- Sar Darreh Location within Iran
- Coordinates: 31°24′14″N 50°04′23″E﻿ / ﻿31.40389°N 50.07306°E
- Country: Iran
- Province: Khuzestan
- County: Seydun
- District: Central
- Rural District: Seydun-e Shomali

Population (2016)
- • Total: 868
- Time zone: UTC+3:30 (IRST)

= Sar Darreh, Khuzestan =

Village in Khuzestan province, Iran

Sar Darreh (سردره) (Note: Also known as Sar Dar) is a village in Seydun-e Shomali Rural District (Note: Formerly Seydun Rural District) of the Central District (Note: Formerly Seydun District of Bagh-e Malek County) of Seydun County, Khuzestan province, Iran.

==Demographics==
===Population===
At the time of the 2006 National Census, the village's population was 962 in 181 households, when it was in Seydun District (Note: Renamed the Central District of Seydun County) of Bagh-e Malek County.
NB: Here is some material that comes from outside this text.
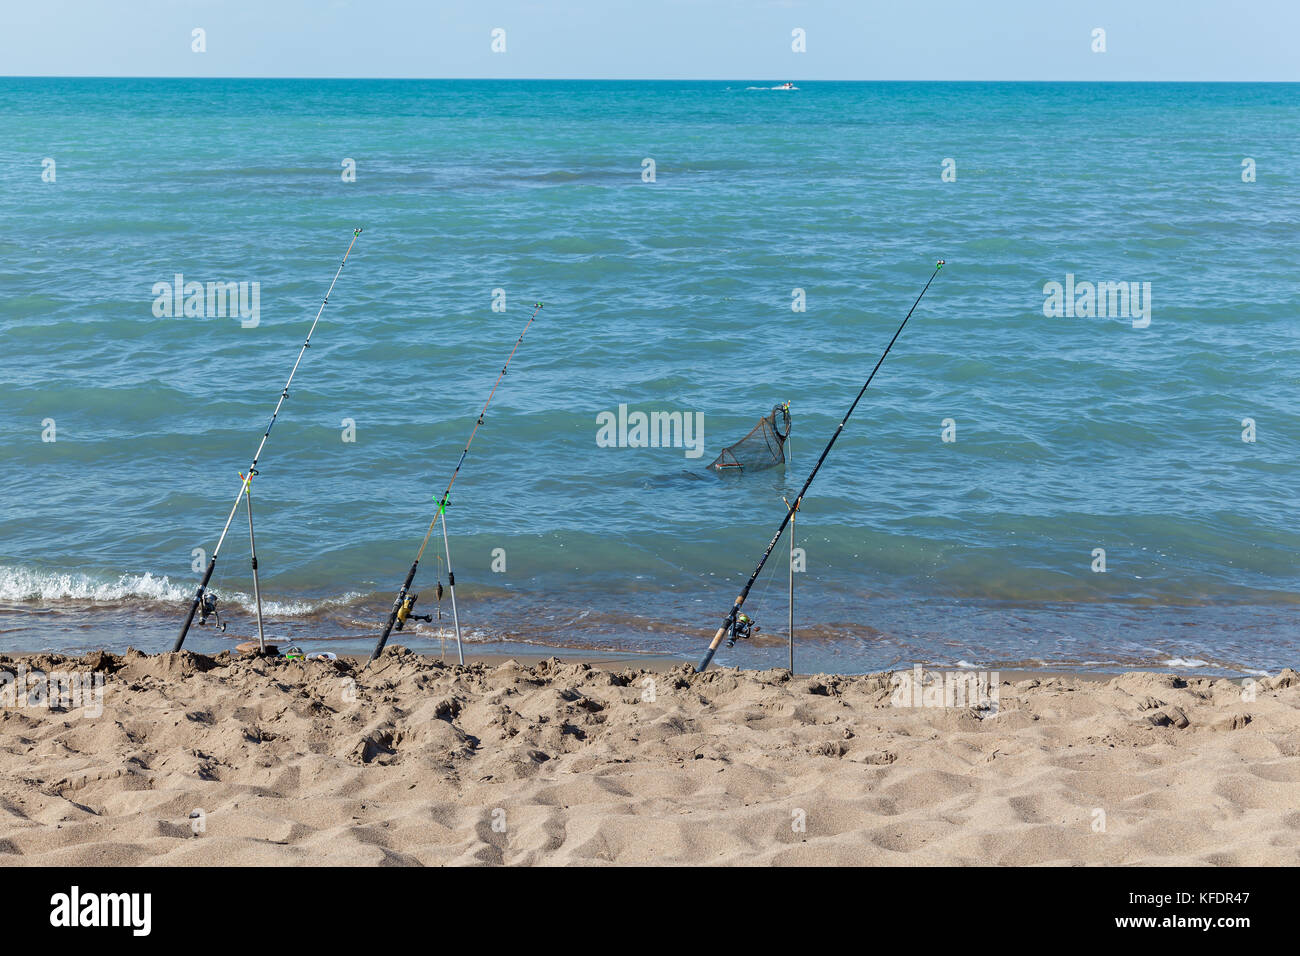 https://c8.alamy.com/comp/KFDR47/fishing-rods-stand-on-the-sandy-beach-fixed-fishing-rod-set-up-on-KFDR47.jpg

The following census in 2011 counted 957 people in 199 households. The 2016 census measured the population of the village as 868 people in 201 households. It was the most populous village in its rural district.

In 2022, the district was separated from the county in the establishment of Seydun County and renamed the Central District.